Retype all data exactly as given. Pictures should not be retyped.

_Supplied data_:
• • •
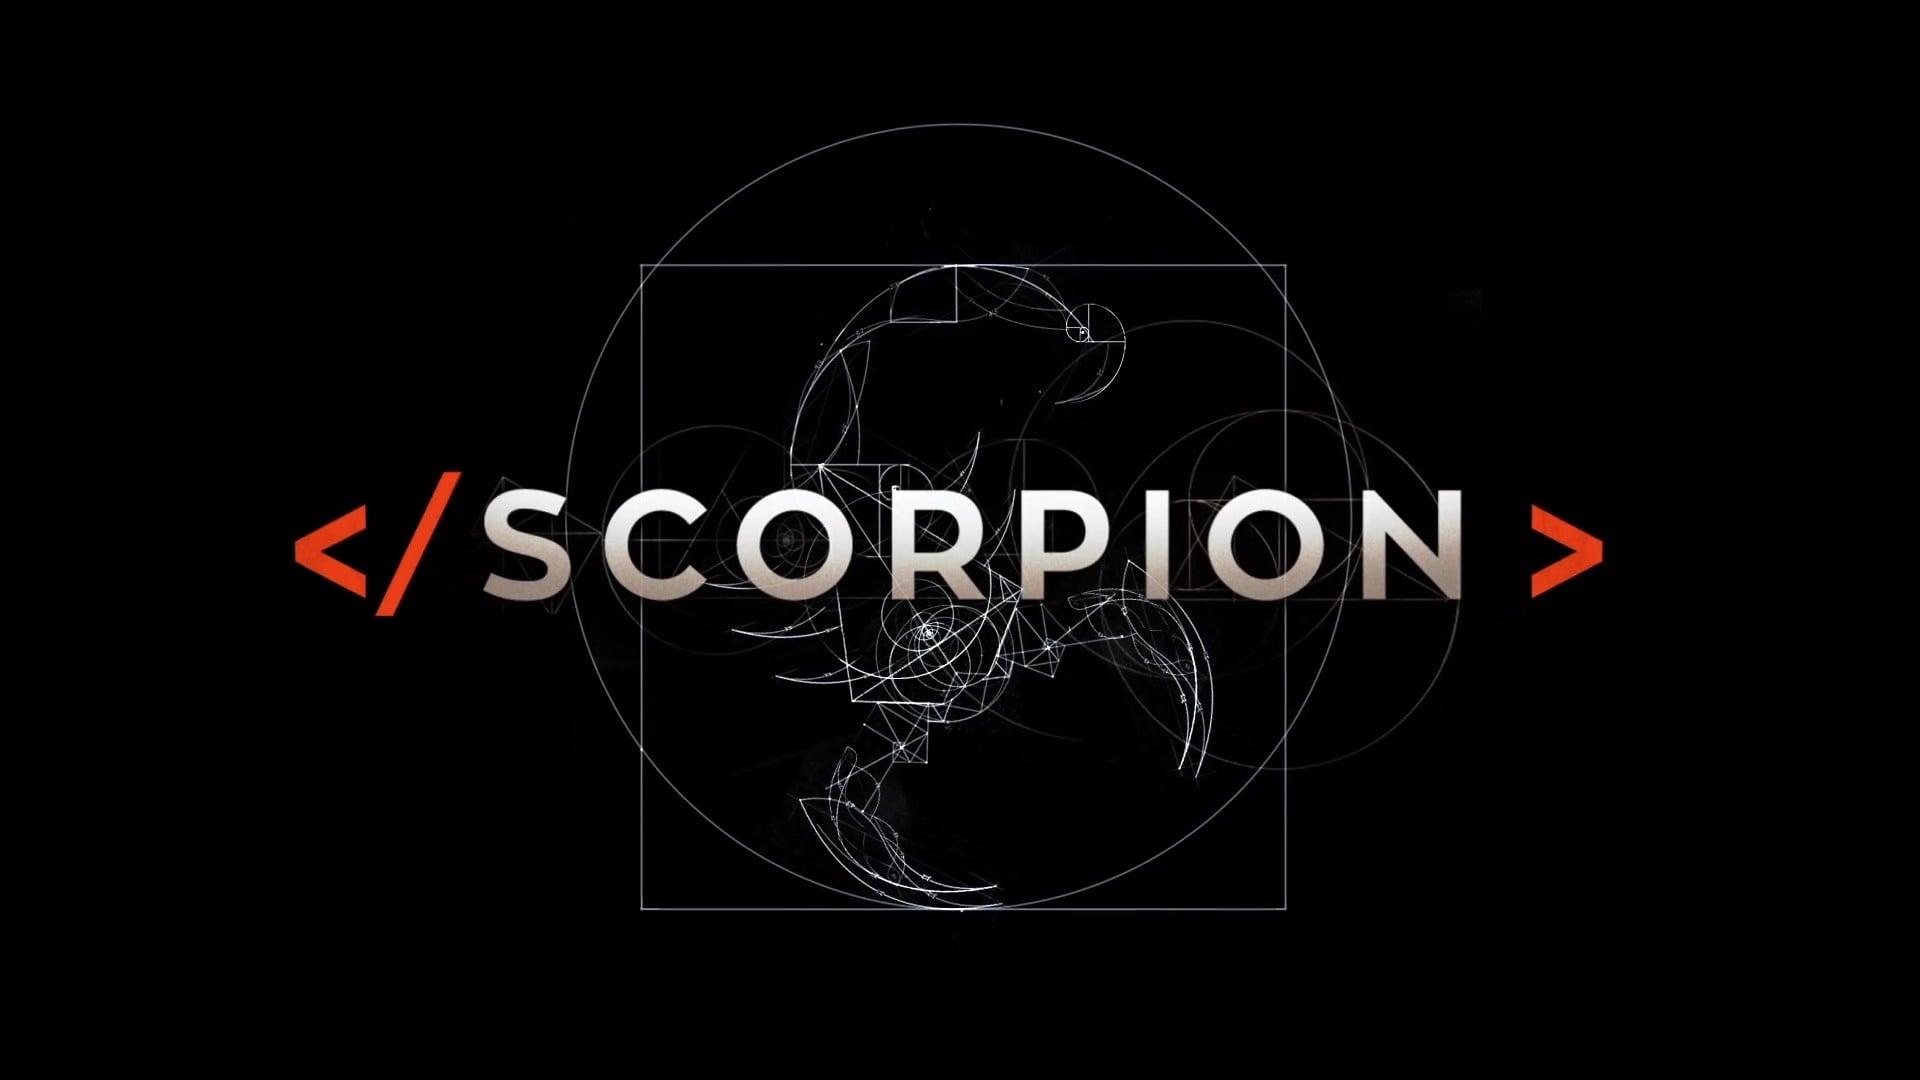 Scorpion Desktop Wallpaper
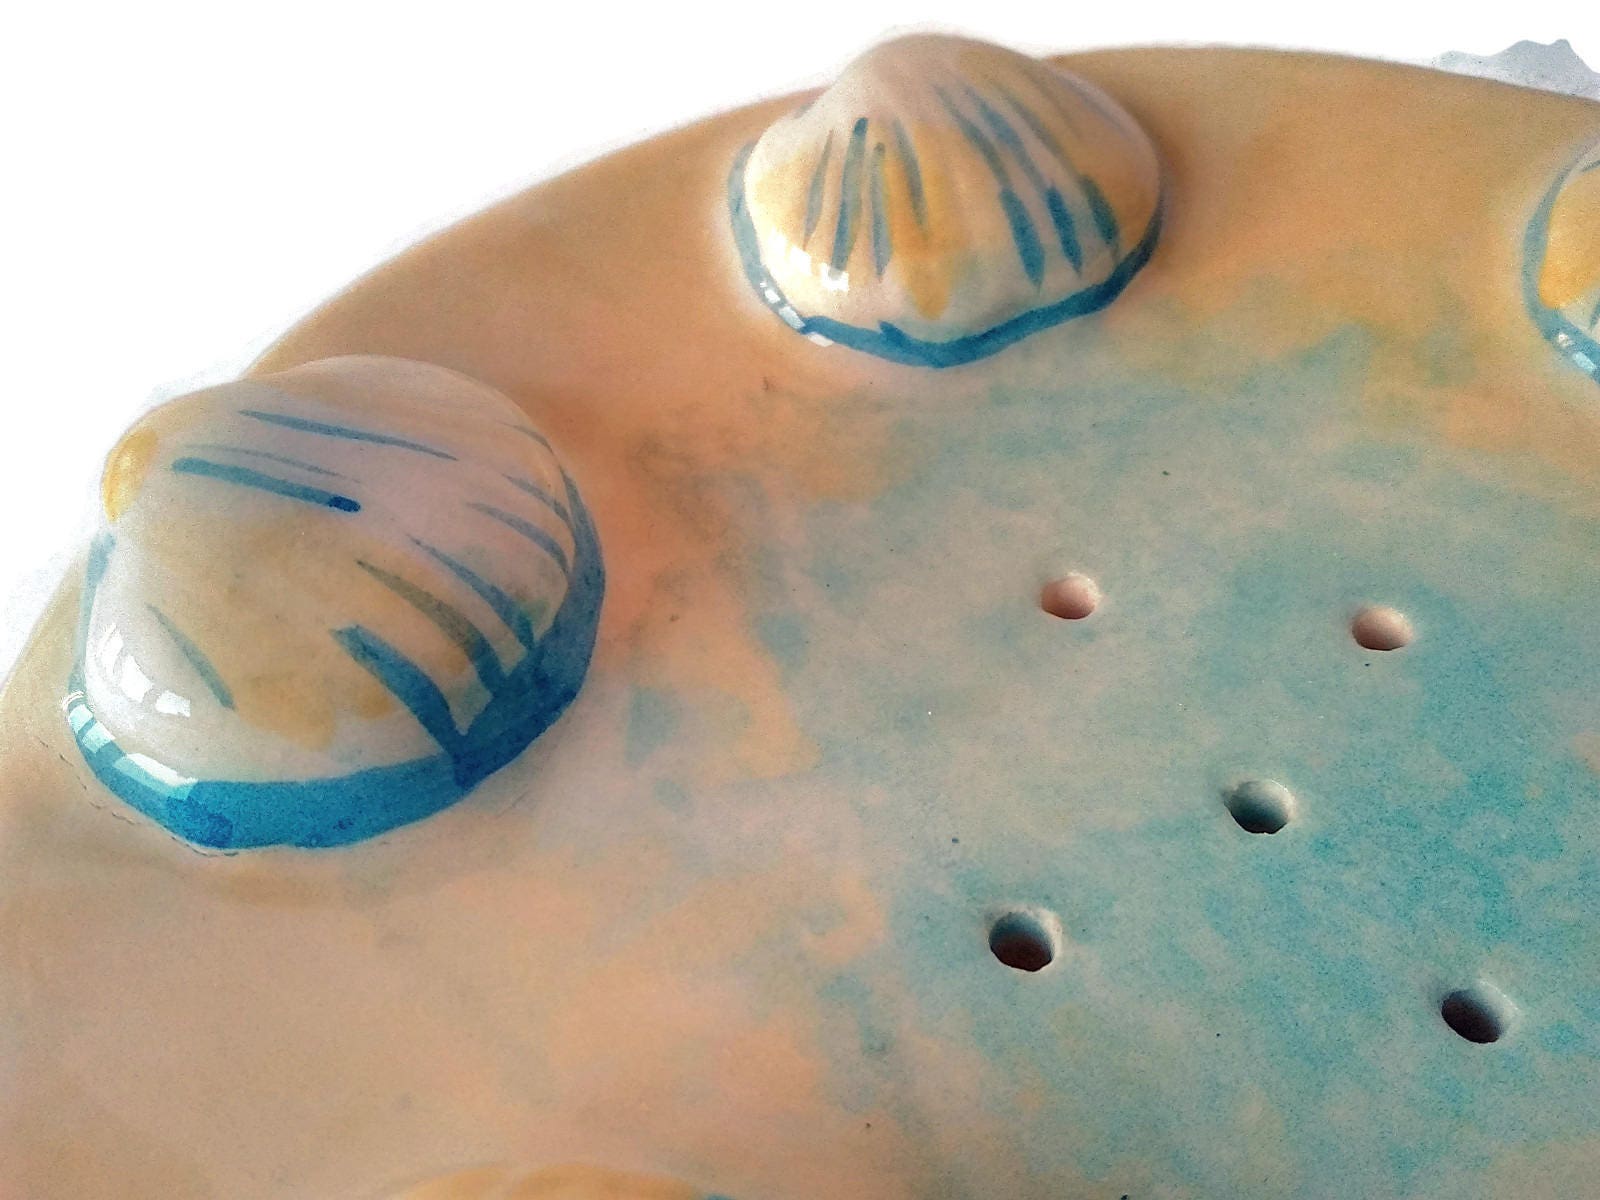 Seashell Draining Ceramic Soap Dish With Drain Holes, Zero Waste Bathroom Accessories, Clay Soap Saver, Soap Bar Holder - Ceramica Ana Rafael
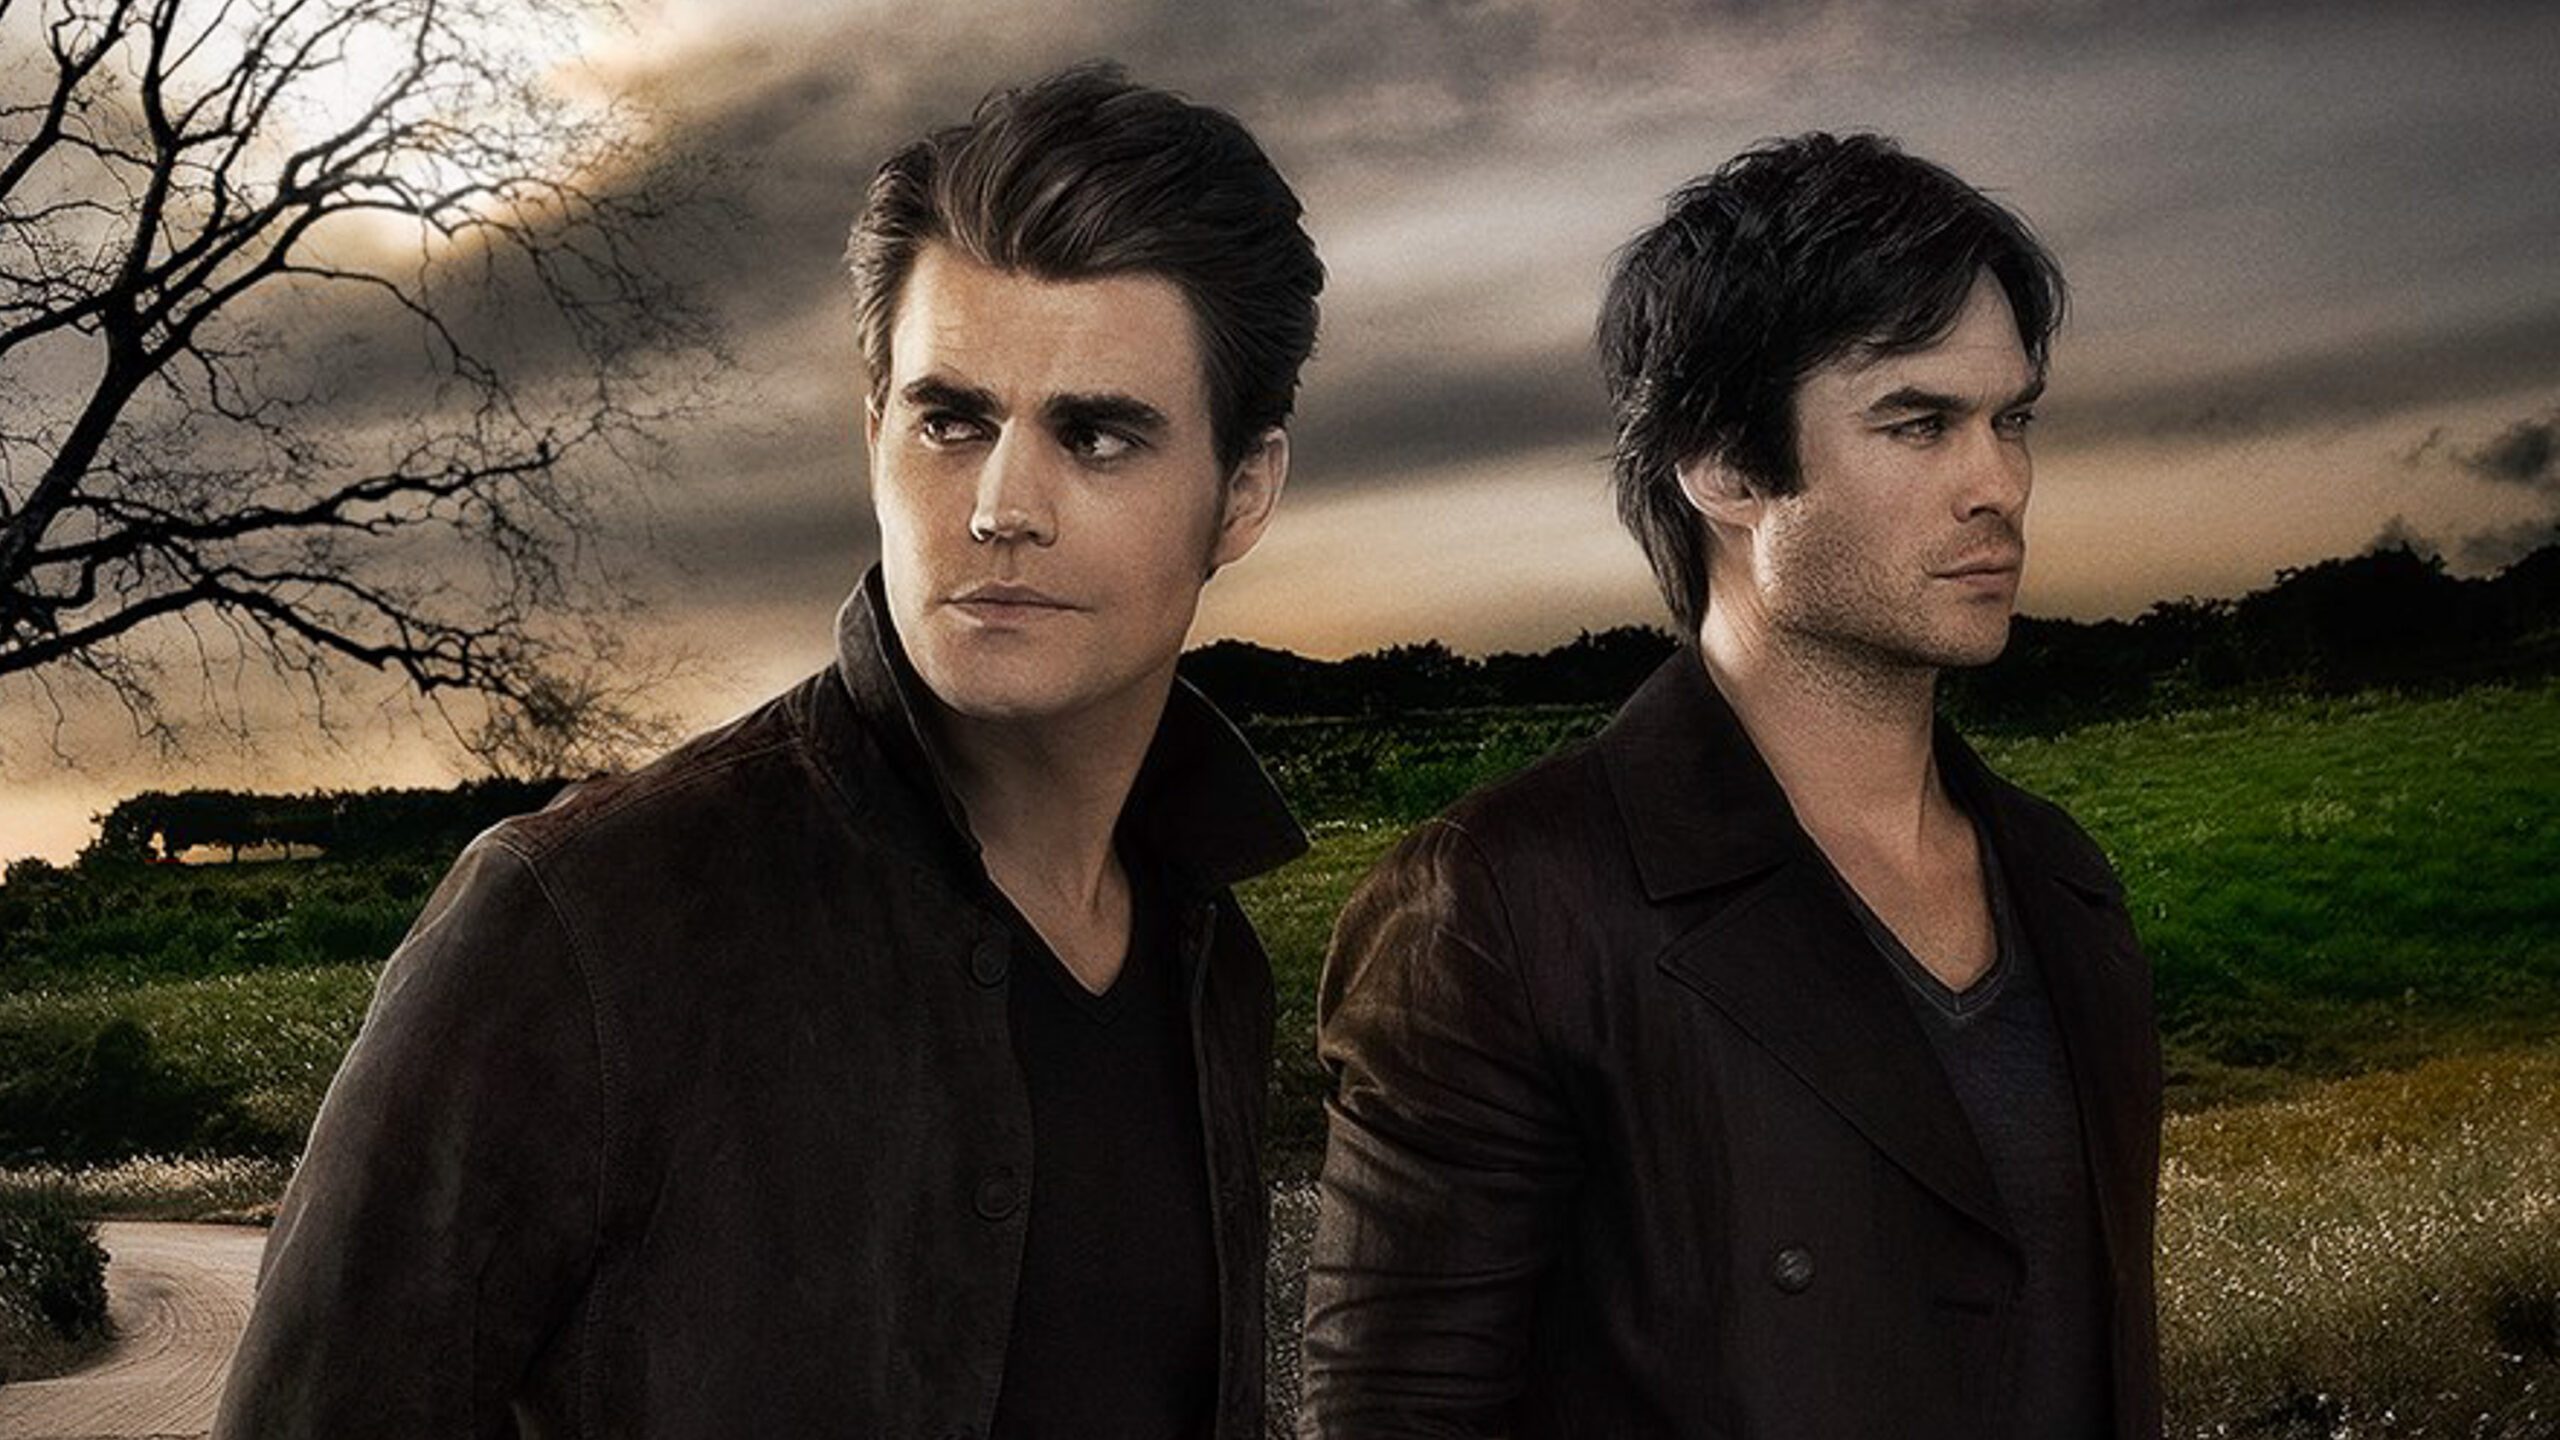 ‘The Vampire Diaries’ creators reveal alternate series ending
• • •
_Expected answer_:
 Scorpion Desktop Wallpaper
 Seashell Draining Ceramic Soap Dish With Drain Holes, Zero Waste Bathroom Accessories, Clay Soap Saver, Soap Bar Holder - Ceramica Ana Rafael
 ‘The Vampire Diaries’ creators reveal alternate series ending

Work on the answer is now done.